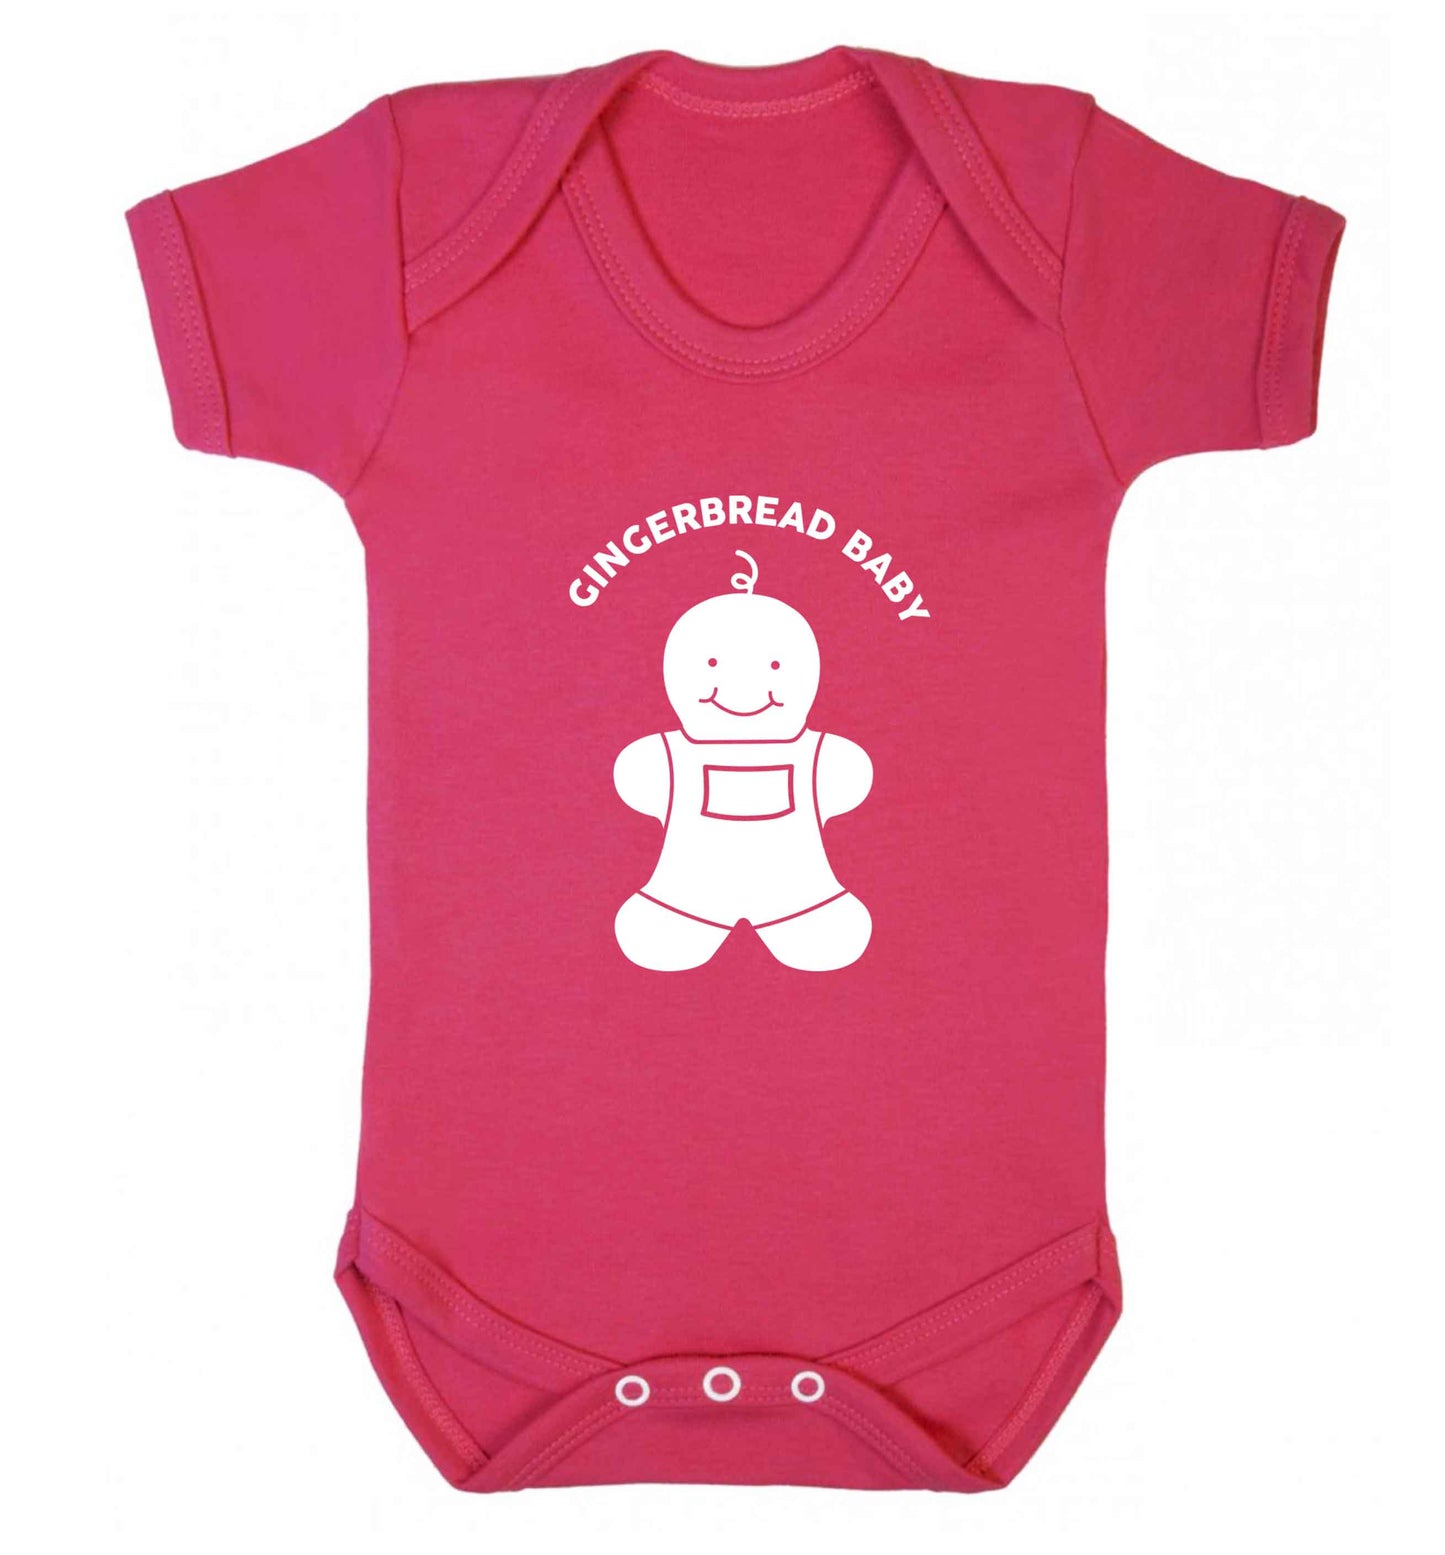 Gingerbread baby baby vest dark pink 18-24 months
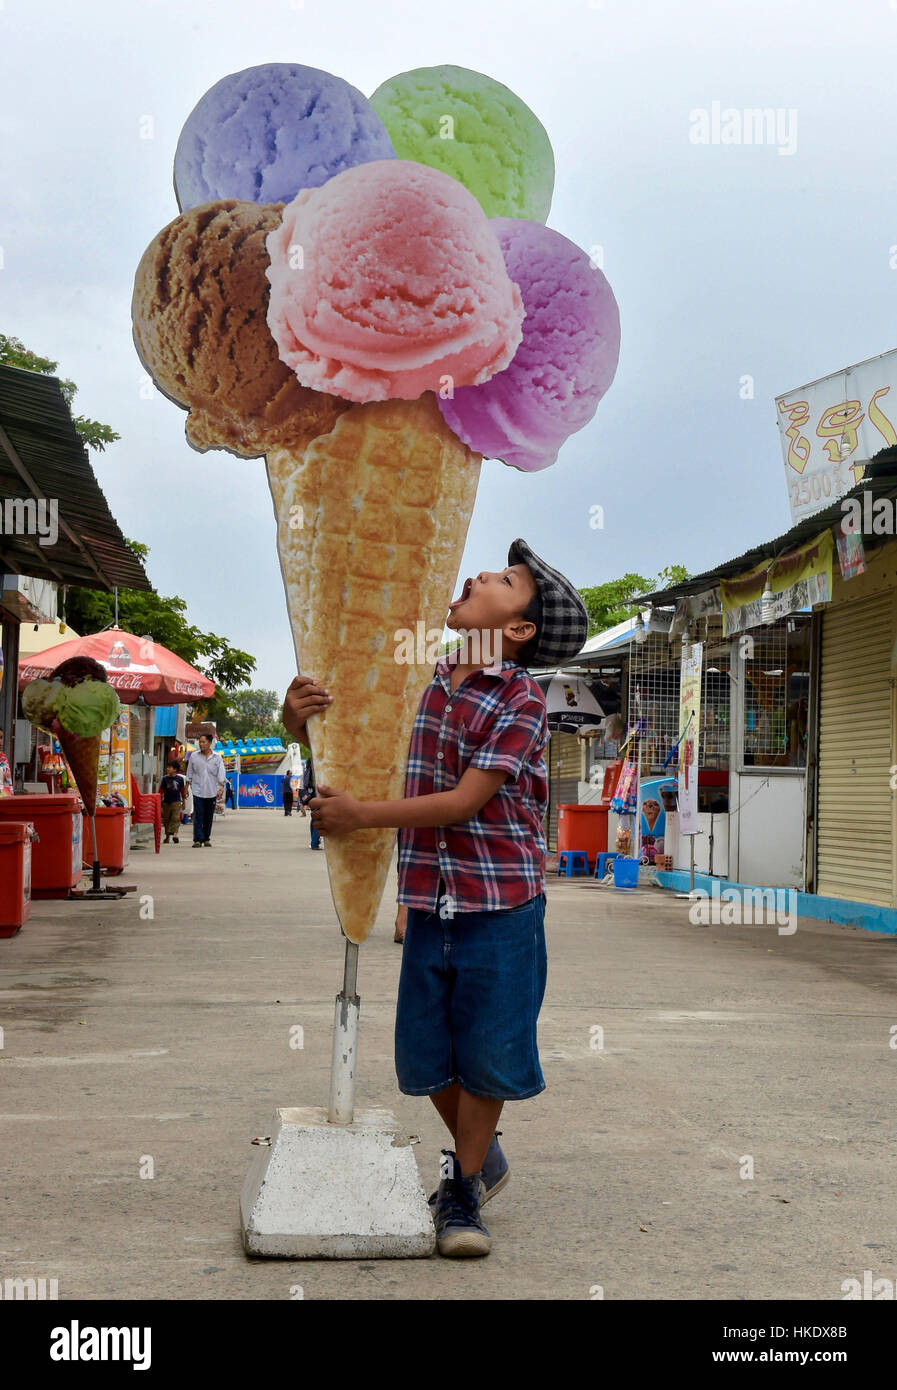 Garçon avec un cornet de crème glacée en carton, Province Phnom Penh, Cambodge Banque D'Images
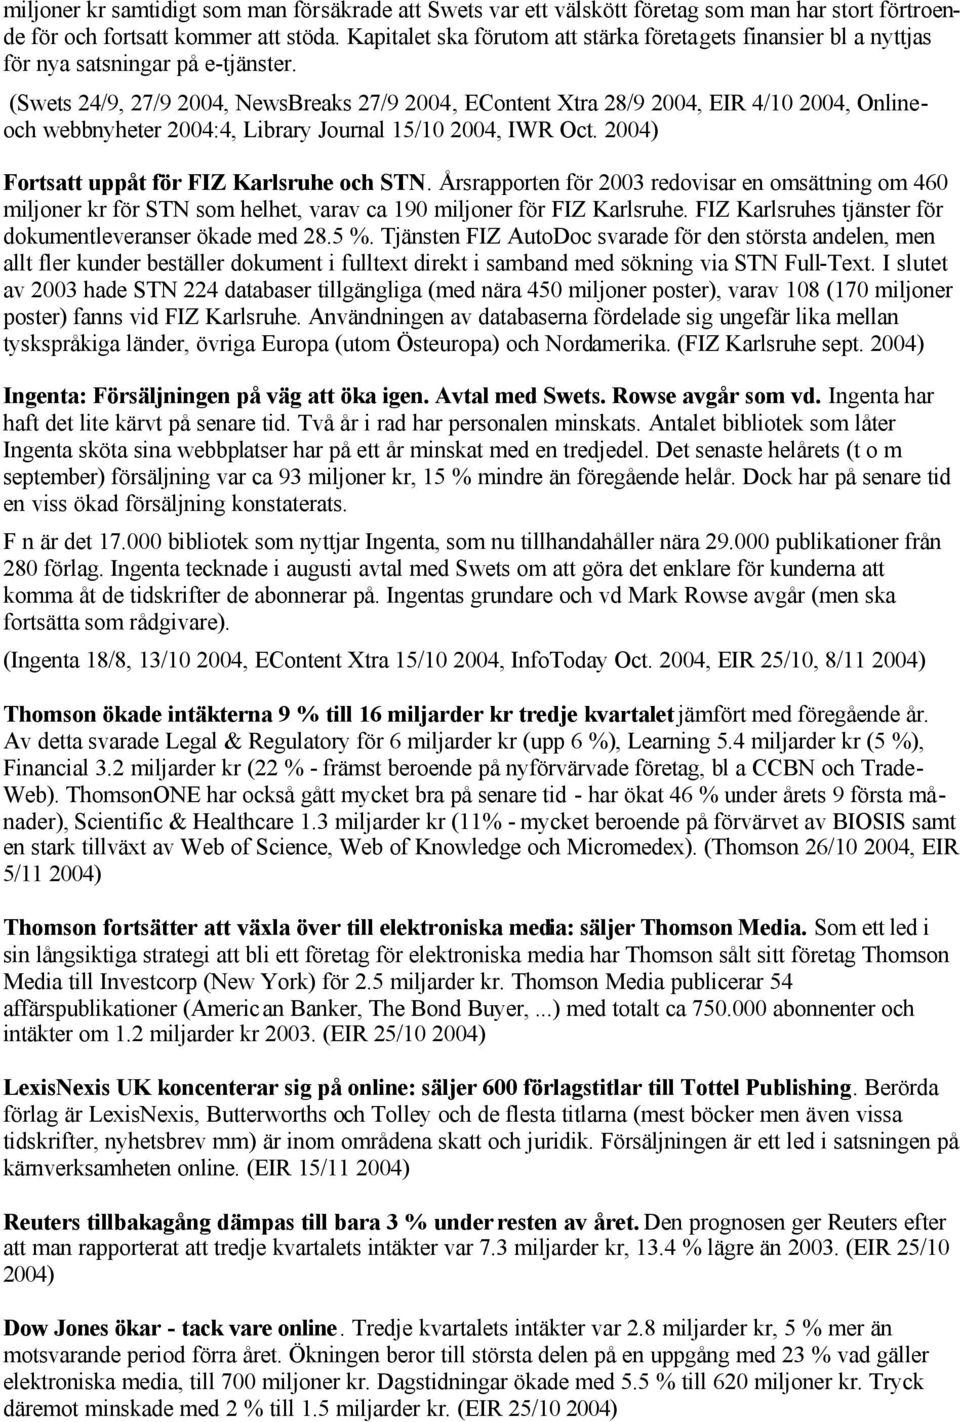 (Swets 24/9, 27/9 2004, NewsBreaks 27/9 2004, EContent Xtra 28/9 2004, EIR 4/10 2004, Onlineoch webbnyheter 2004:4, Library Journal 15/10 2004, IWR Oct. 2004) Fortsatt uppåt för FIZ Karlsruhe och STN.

▶ What you have to do
The material above should be printed again exactly, with each picture left out.

▶ Exercise result
 Gingerbread baby baby vest dark pink 18-24 months
 Garçon avec un cornet de crème glacée en carton, Province Phnom Penh, Cambodge Banque D'Images
 (Swets 24/9, 27/9 2004, NewsBreaks 27/9 2004, EContent Xtra 28/9 2004, EIR 4/10 2004, Onlineoch webbnyheter 2004:4, Library Journal 15/10 2004, IWR Oct. 2004) Fortsatt uppåt för FIZ Karlsruhe och STN.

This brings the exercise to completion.